Licensed under the Apache License, Version 2.0 (the "License");

##### Scope del proyecto

El siguiente proyecto ha sido desarrollado para participar en el reto creado por Dot CSV (https://www.youtube.com/watch?v=BNgAaCK920E): "¡Gana una NVidia RTX 2080 SUPER con el Reto DotCSV!" 

En concreto, se ha hecho uso de la tecnología Pix2Pix para desarrollar un modelo capaz de "ver" una imagen con una expresión algebraica sencilla; por ejemplo: 5 - 2, y que sea capaz de generar otra imagen donde se imprima la respuesta. En el caso de ejemplo, una imagen con el número "3"

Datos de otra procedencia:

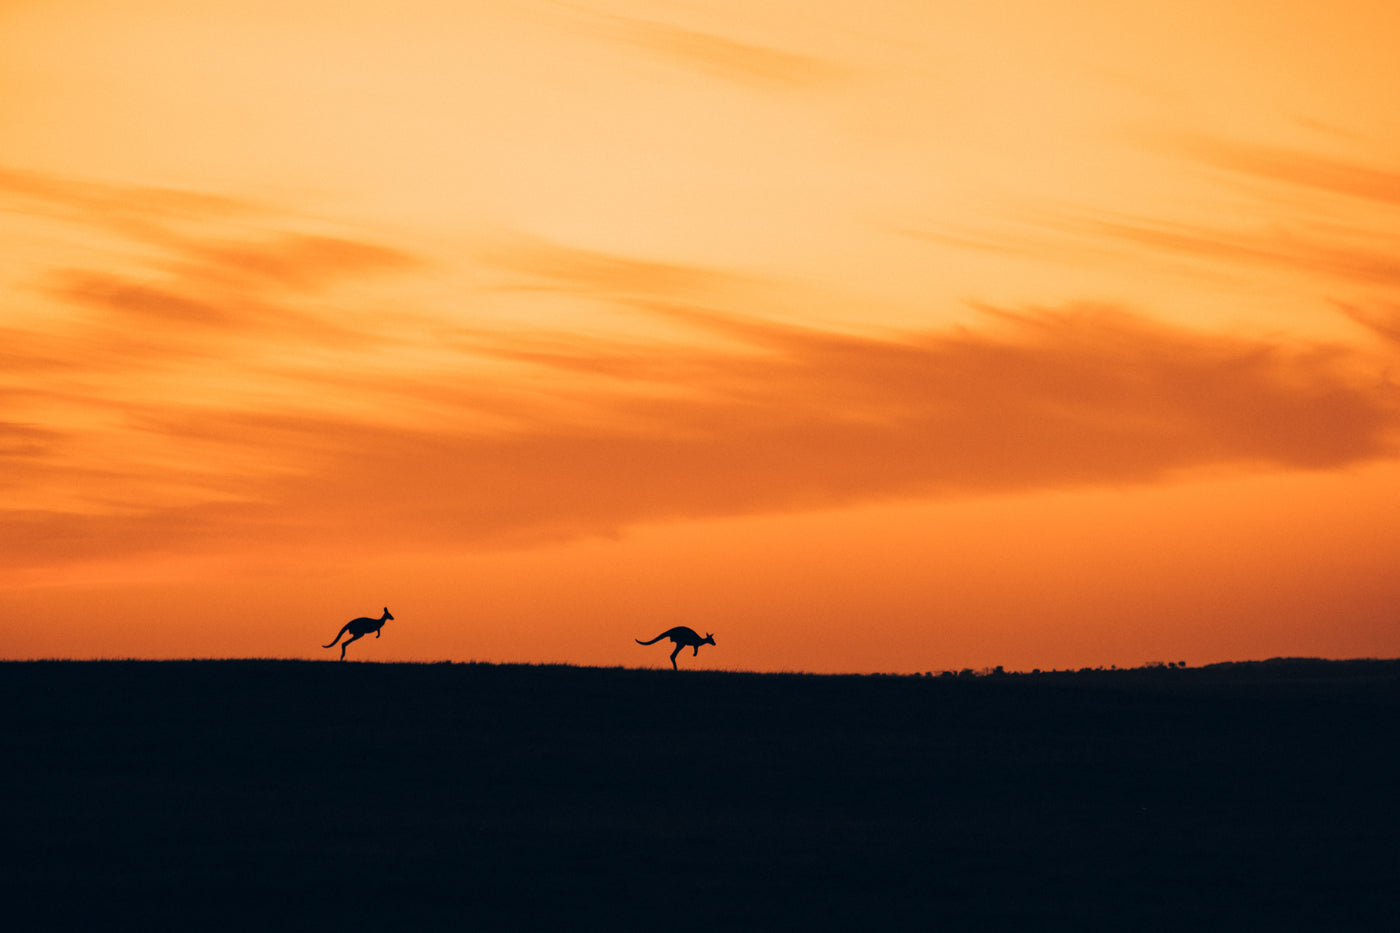 The Sihouette of Kangaroos / Esperance, Western Australia

##### Otra información de interés

Este modelo no utiliza un dataset estático, sino que en cada iteración de entrenamiento genera una expresión algebraica aleatoria (que posteriormente se transforma en una imagen). Para conseguir dataset de pruebas (test) con expresiones no vistas durante el entrenamiento, se restringe la generación de estas expresiones para que no generen entradas con ciertos valores concretos.

El modelo es funcional y parece que generaliza bien a expresiones no vistas durante el entrenamiento.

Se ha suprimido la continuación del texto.